Борис Егоров - Аполлон Григорьев
Чрезвычайно важным и сложным для Григорьева было понятие рока, впервые заявленное в цикле именно в этом четвертом стихотворении, хотя, мы помним, игравшее немалую роль и в творчестве сороковых годов.
«Роковой приговор» четвертого стихотворения многозначен: это как будто бы и решение с высоты Олимпа судьбы героя и героини, и в то же время пафос борьбы как признака вариативного соревнования, где нет заранее предсказуемого результата, снимает фатальность, однозначную предрешенность, придает стиху энергию, надежду, перспективу.
Последние компоненты разрывают замкнутость, завершенность стихотворения, обращают его в будущее. Этим свойством поэзия Григорьева заметно отличается от фетовского стремления «закруглить» стихотворение, ограничить его волшебным мигом, совершенно выйти за пределы времени в его историческом потоке.
Следующие стихотворения цикла продолжают контрастные зигзаги: героиня то «ангел», и тогда отношения могут достичь утопической гармонии (седьмое стихотворение — переделанный ранний перевод «Доброй ночи!..» Мицкевича), то чужая и мертвенно-холодная; герой то рыцарственно возвышен, то страдающий грешник, то он полон отчаяния, то живет верой и надеждой.
А в двенадцатом стихотворении, предвестье кульминации, в рамках его одного, подобно четвертому, сосуществуют совершенно, казалось бы, несоединимые черты: героиня одновременно и «ангел света», и душа «больная», «темней осенней ночи», но герою явно ближе последнее, ибо тогда они равны: «поровну страдаем» — а это дает какой-то проблеск надежды, несмотря на лермонтовско-гейневские ореолы лицемерной внешней холодности («И чинны ледяные наши речи…» и т. д.).

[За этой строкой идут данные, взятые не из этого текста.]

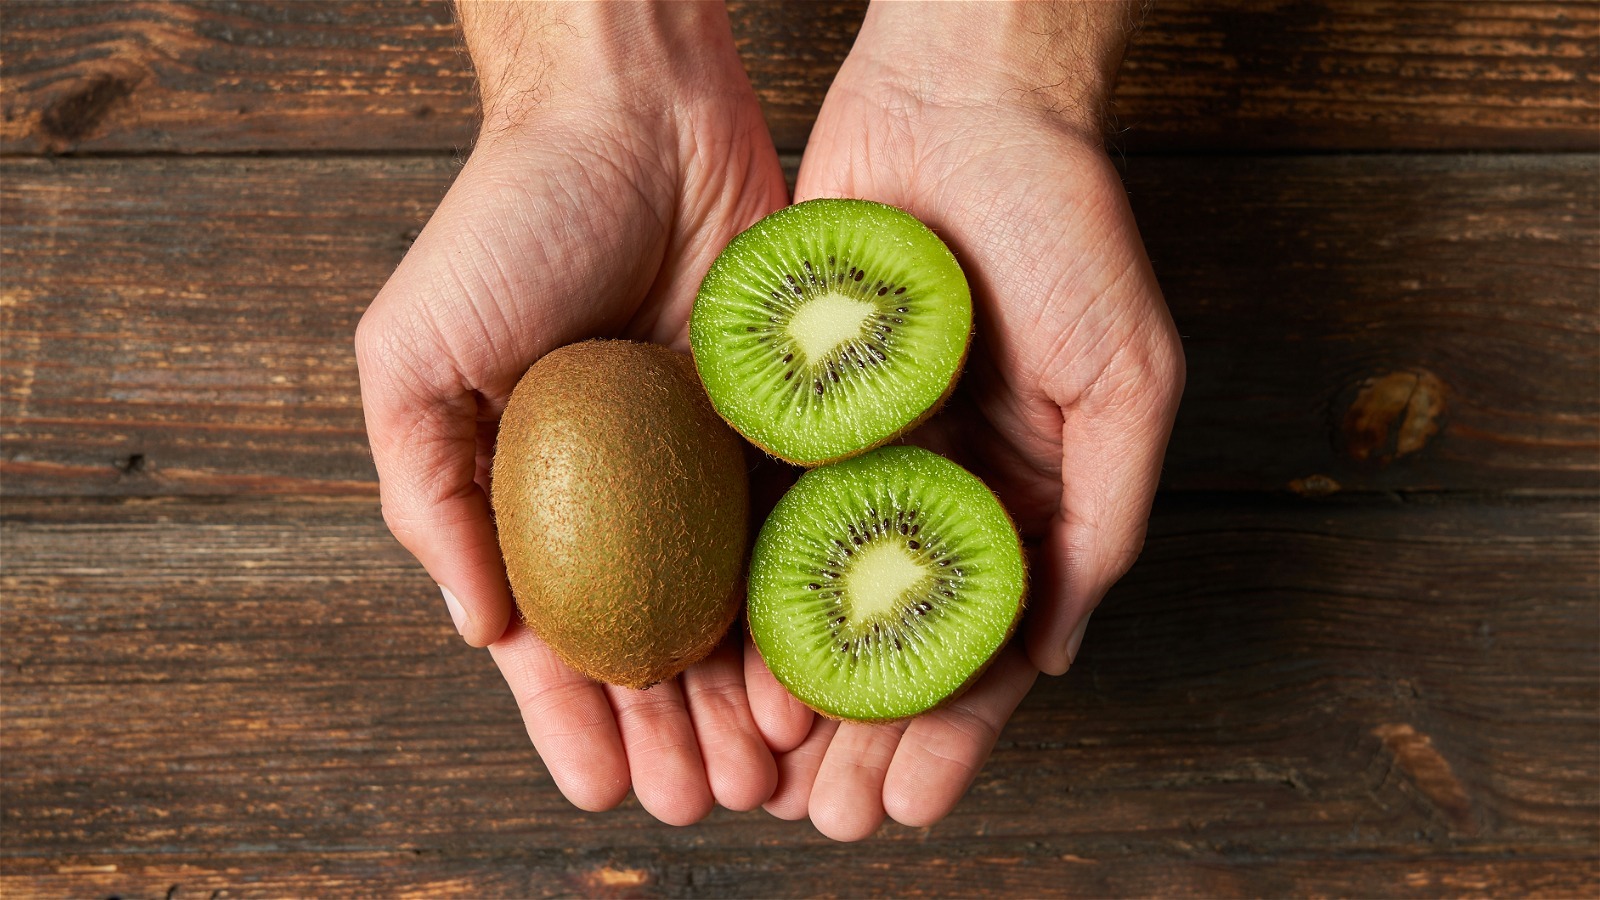 Source Newest/Kitchen tool kiwi peeler fruit peeler / kiwi fruit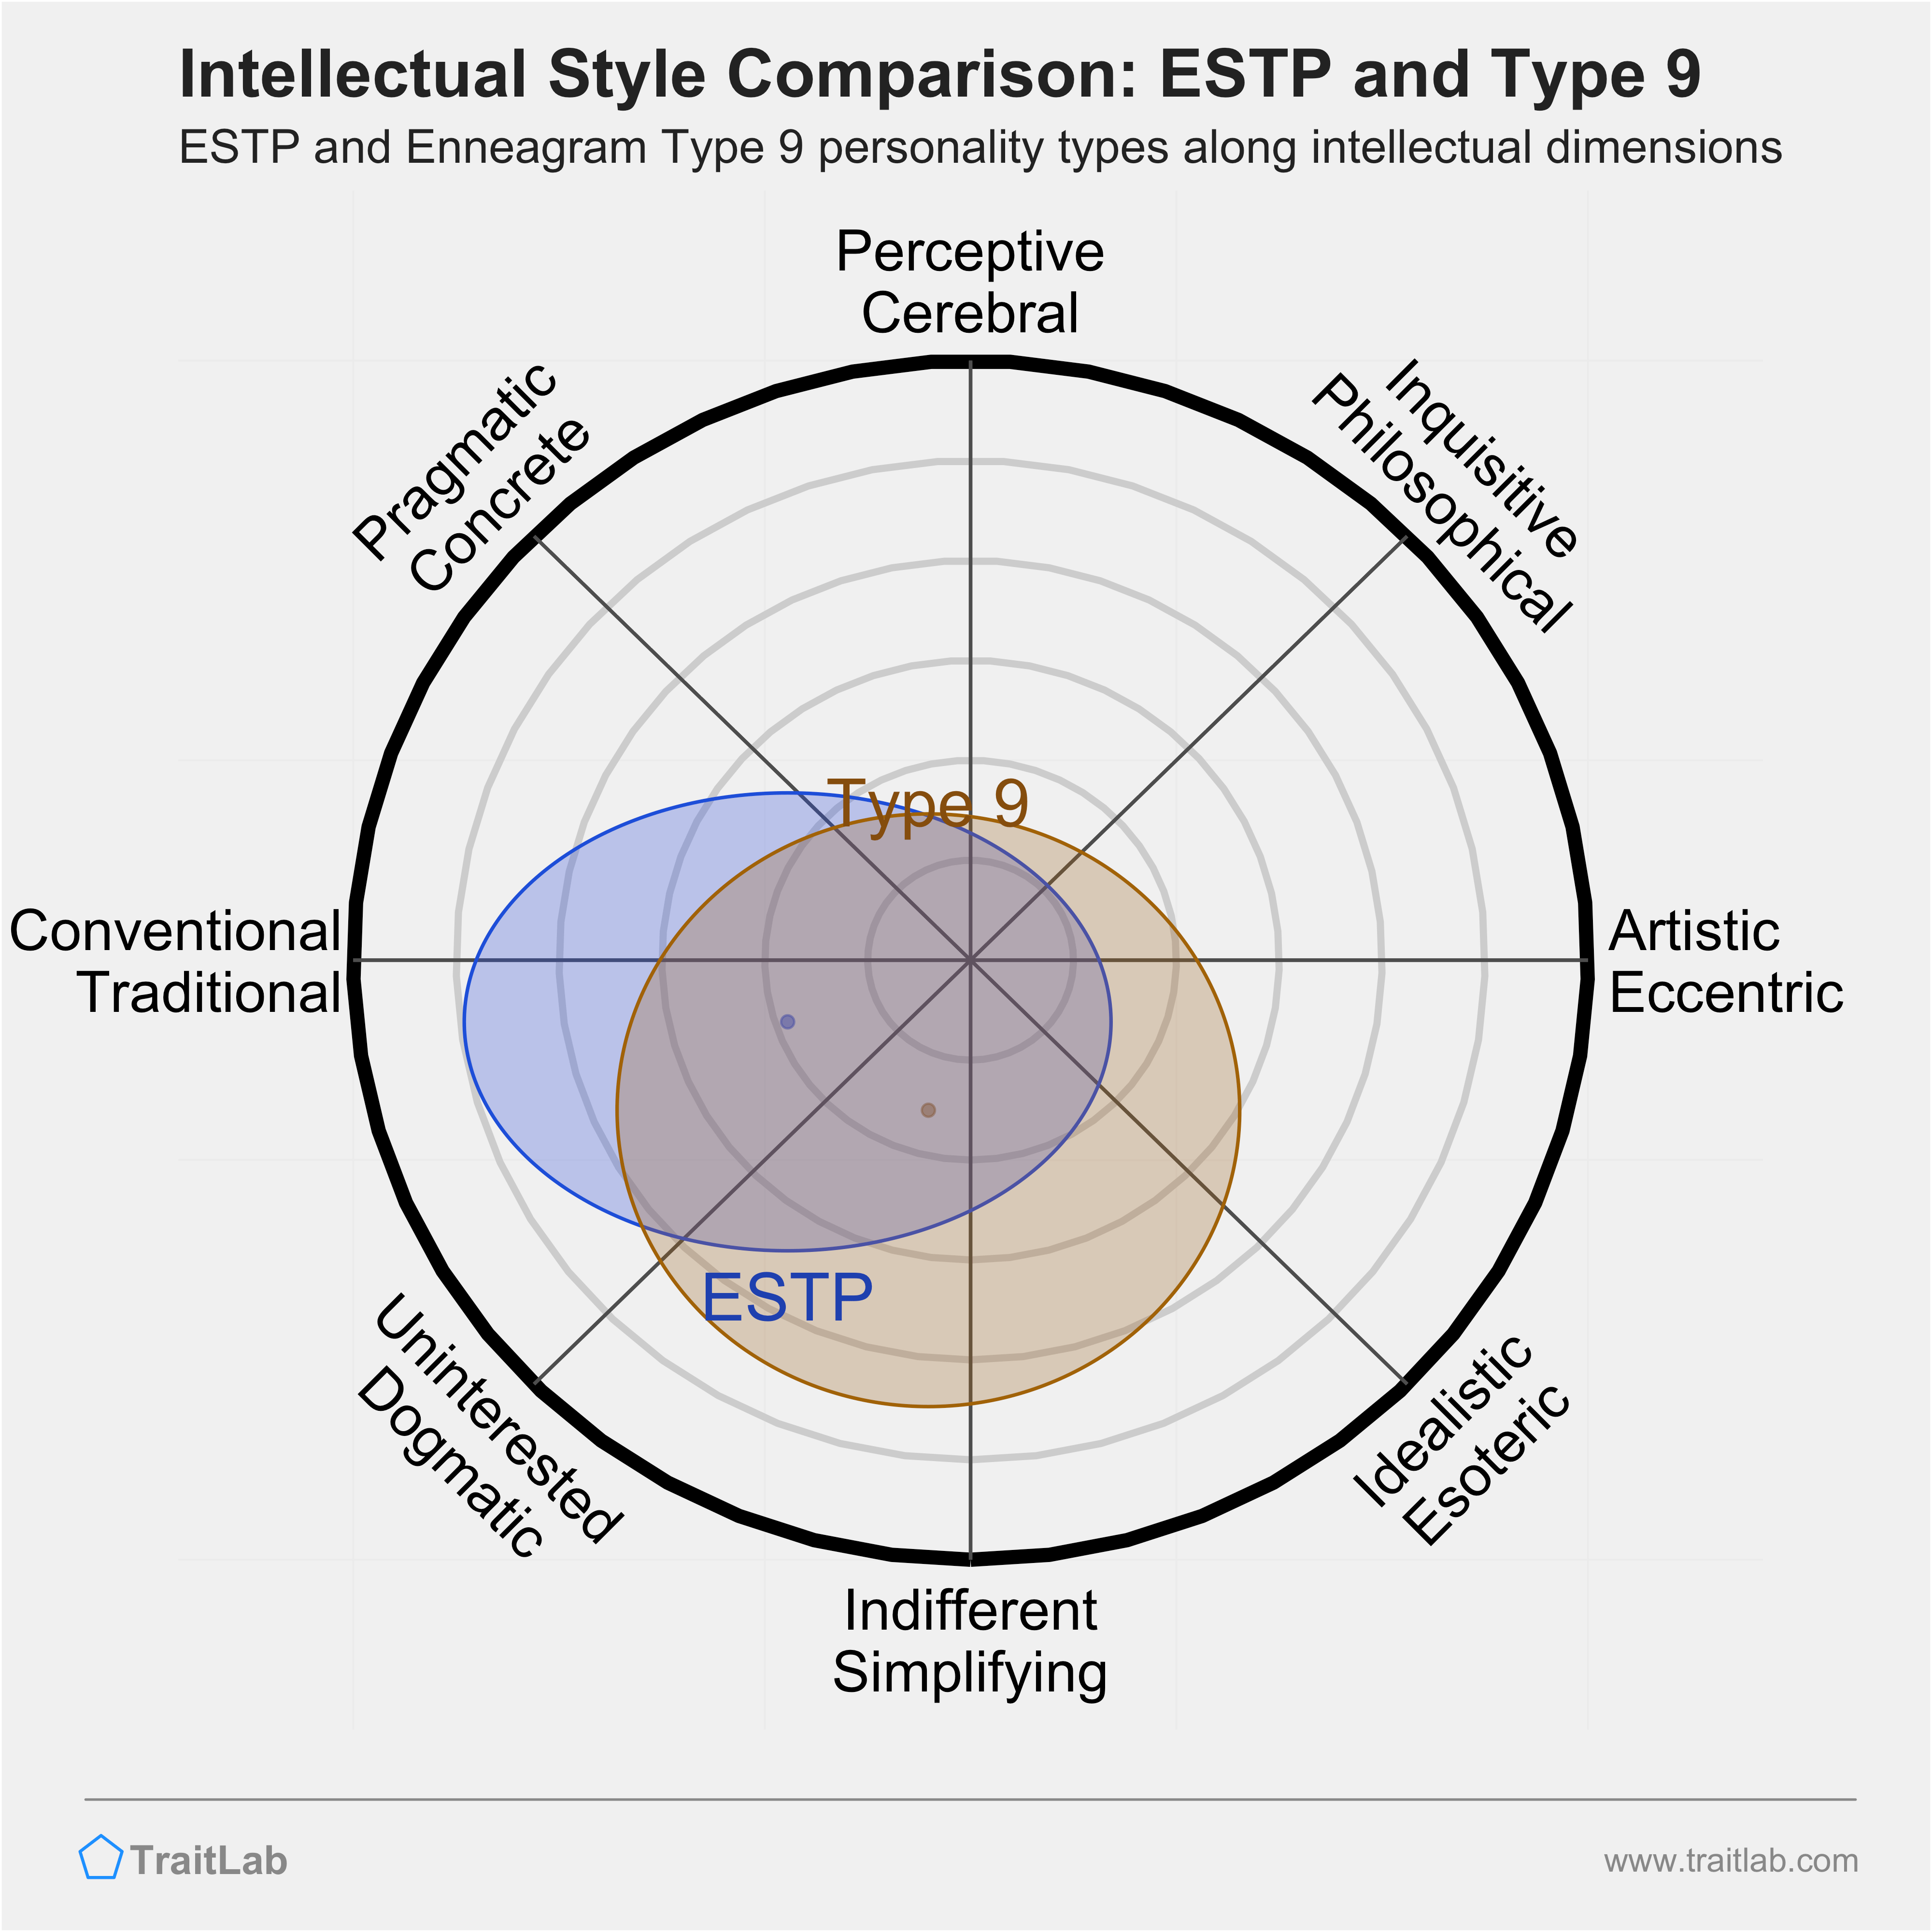 ESTP and Type 9 comparison across intellectual dimensions

С такими контрастами автор подходит к тринадцатому («О, говори хоть ты со мной, // Подруга семиструнная!») и четырнадцатому («Цыганская венгерка») стихотворениям, к кульминации цикла, к шедеврам григорьевского творчества. Блок назвал их «единственными в своем роде перлами русской лирики» по их приближению к стихии народной поэзии. Не надо, правда, забывать, что народная песня, создававшаяся долго, коллективно, всегда сохраняет меру, равновесие, стыдливую сдержанность чувств. Кульминационные стихотворения Григорьева безмерны, беспредельны, чрезвычайно страстны; как он сам выразился в очерке «Беседы с Иваном Ивановичем…» (1860), говоря о себе в третьем лице: «Стихи его — это какие-то клочки живого мяса, вырванного прямо с кровью из живого тела».
Контрастные зигзаги страстей стихотворения двенадцатого в тринадцатом раздваивают героиню на два метафорических образа: недоступность героини превращает ее в далекую звезду (при этом совсем не «ангельскую»: ее «дыханье ядовитое»!), а в руках у героя оказывается «сестра» звезды, гитара семиструнная, «подруга», на которую теперь возлагается вся надежда (опять же, «ядовитость» не ослабляет, а усиливает надежду!): может быть, гитара договорит ту «недопетую песню», а эта надежда даже недоступную звезду делает более близкой и тоже «говорящей» — «Смотри, звезда горит ярчей».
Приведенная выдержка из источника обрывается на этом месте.